→ **Problem to solve**
Transcribe all data verbatim. Skip the pictures.

→ **Supplied information**
^^^^
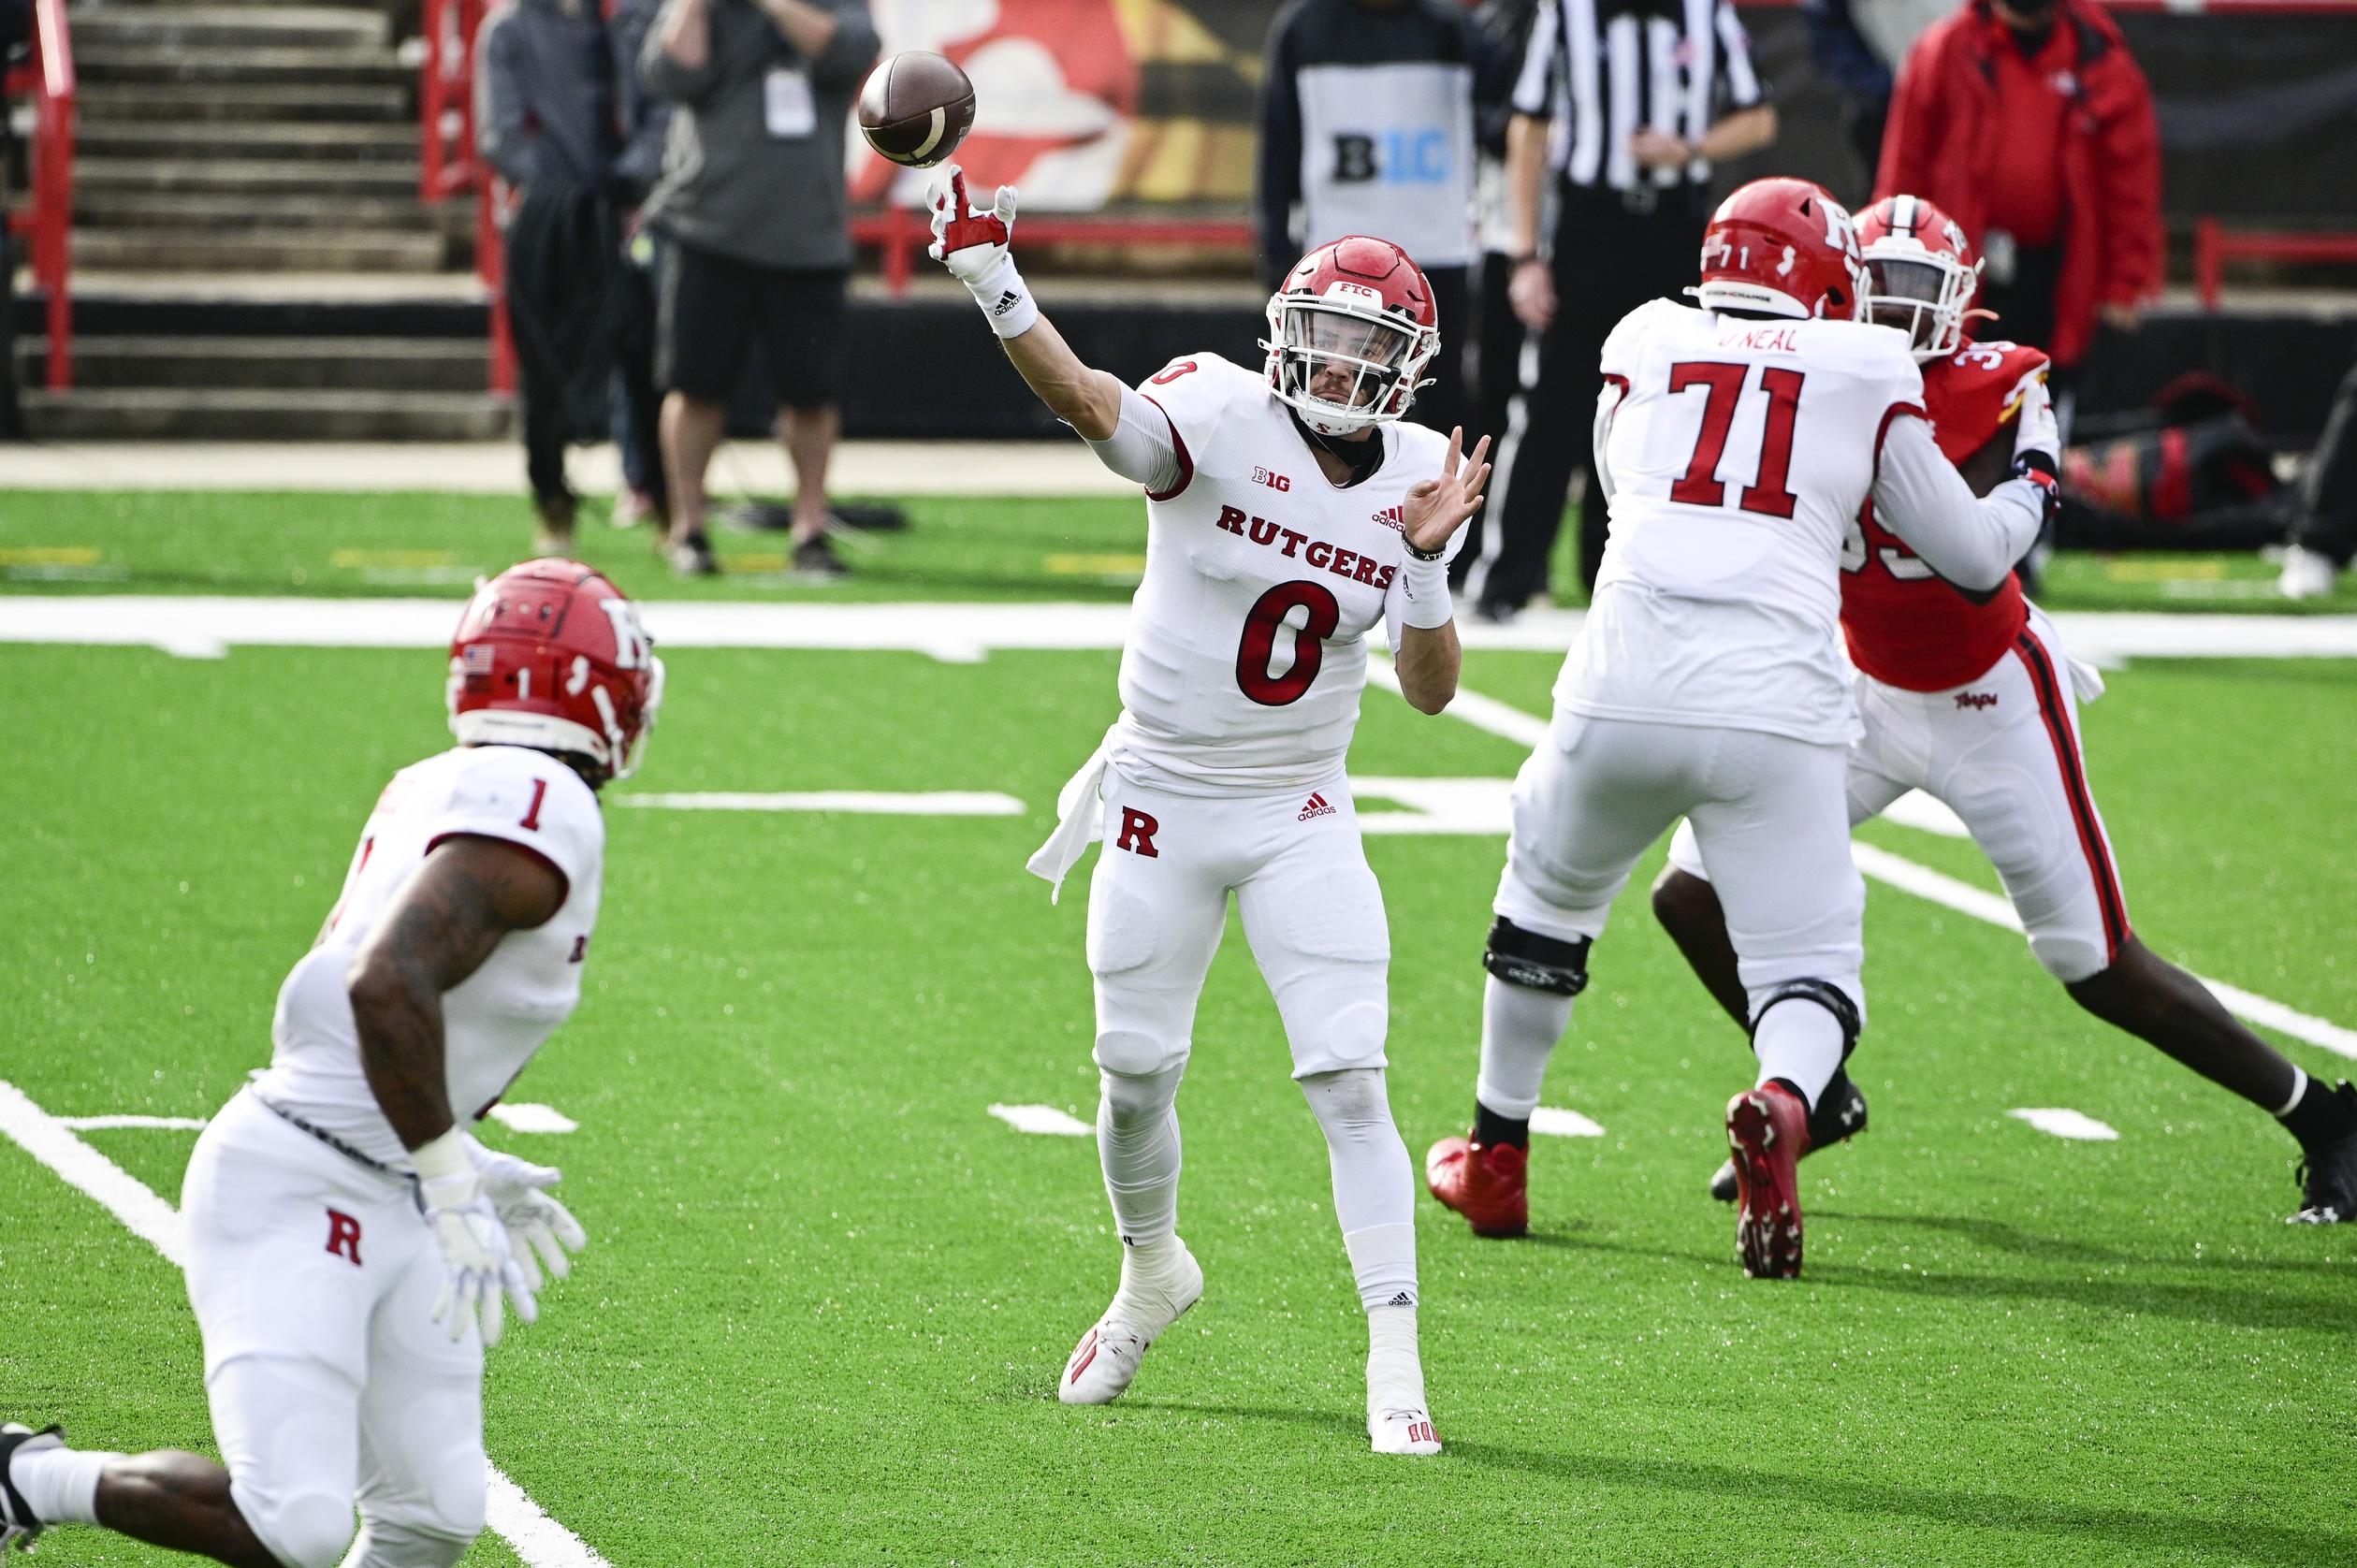 College football picks Noah Vedral Rutgers Scarlet Knights season predictions
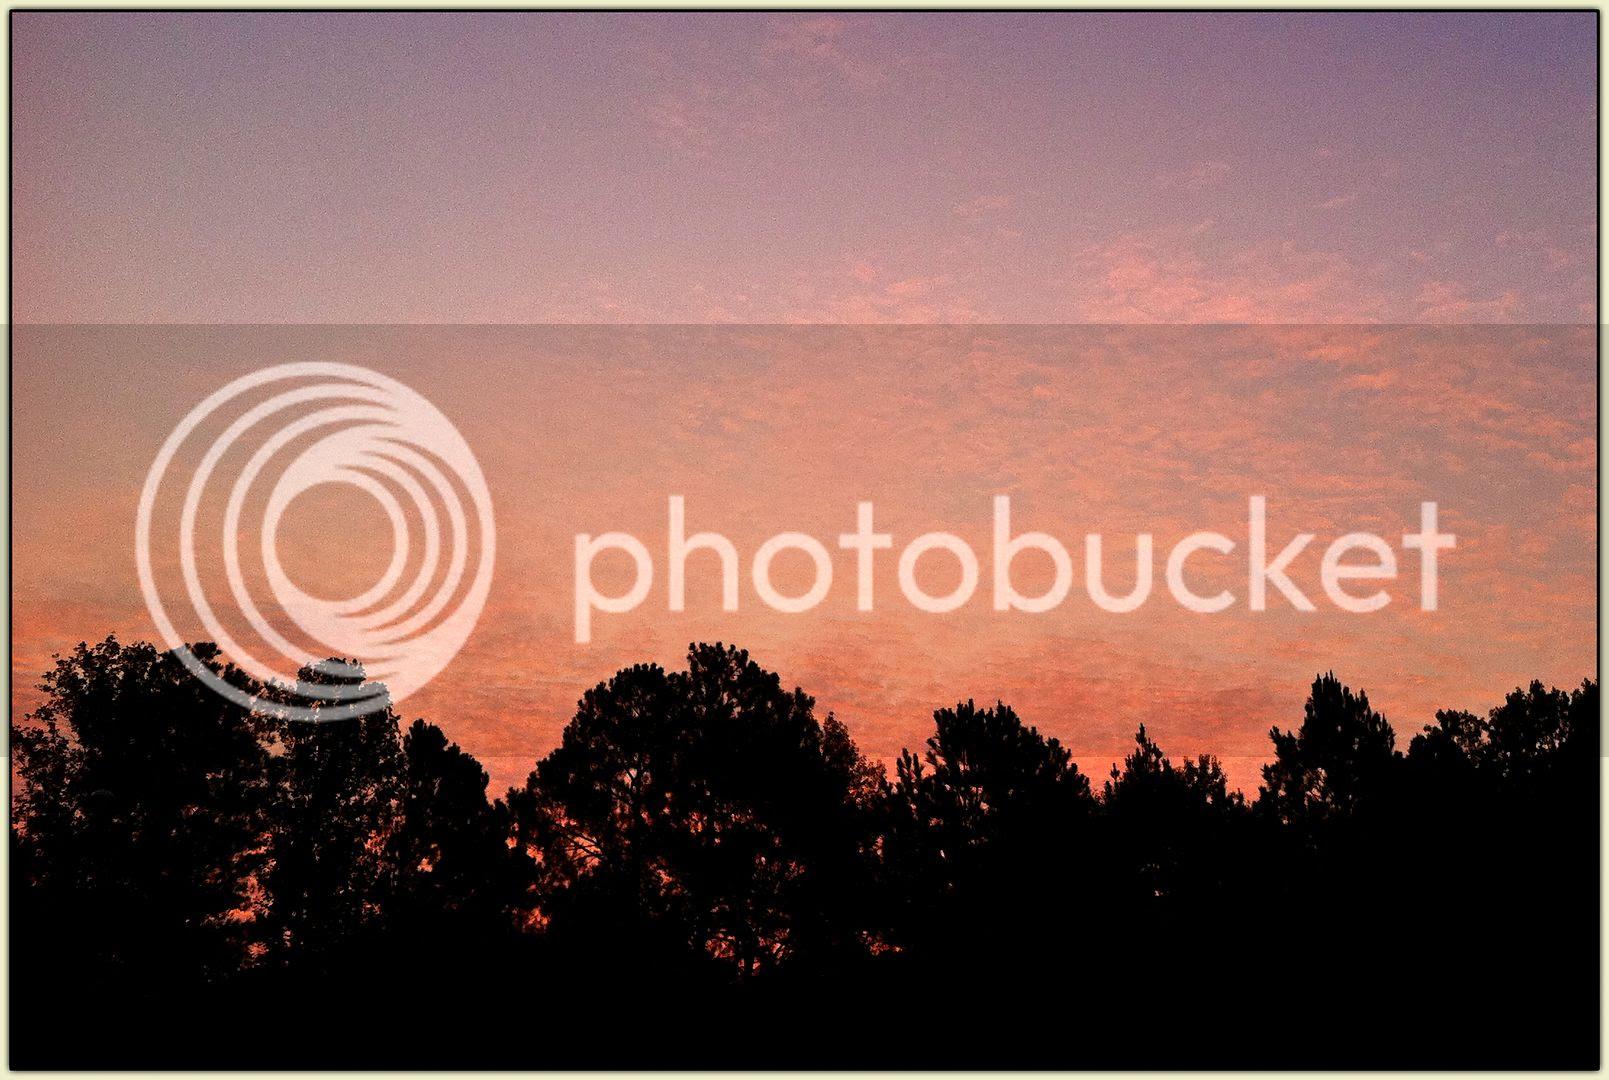 Rosy-Fingered Dawn
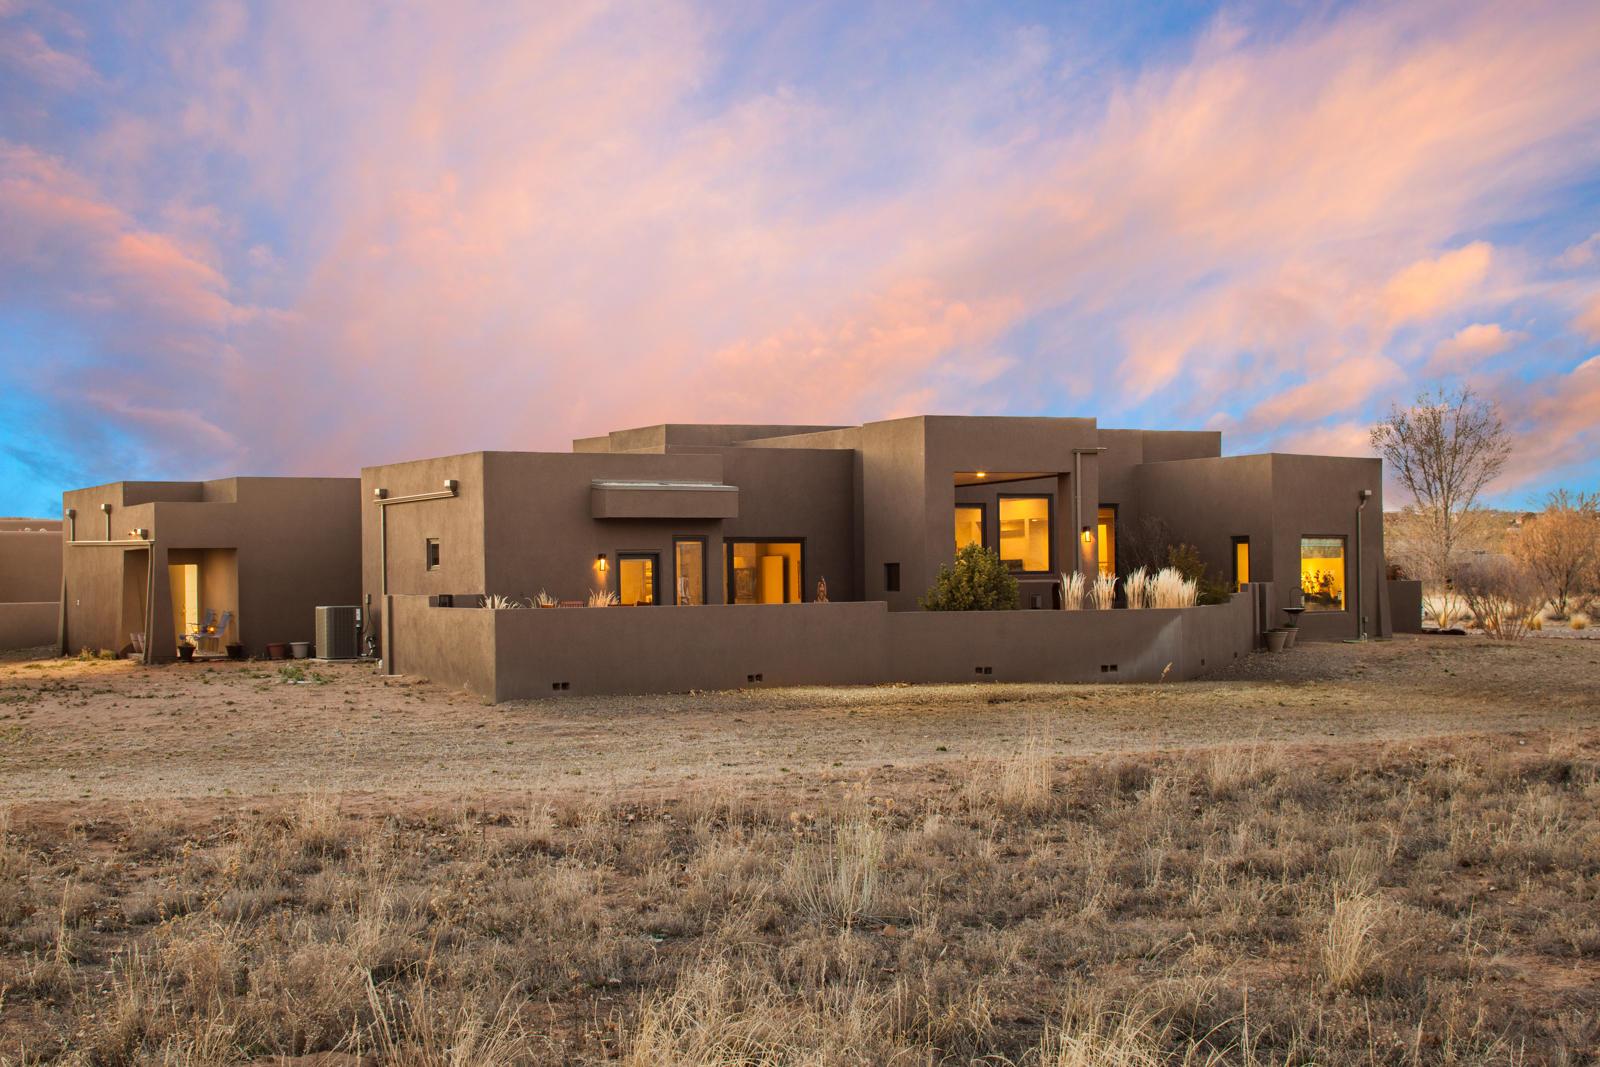 105 MESA VISTA Road, Corrales, NM 87048 - Corrales, NM real estate listing
^^^^
→ **Result below**
 College football picks Noah Vedral Rutgers Scarlet Knights season predictions
 Rosy-Fingered Dawn
 105 MESA VISTA Road, Corrales, NM 87048 - Corrales, NM real estate listing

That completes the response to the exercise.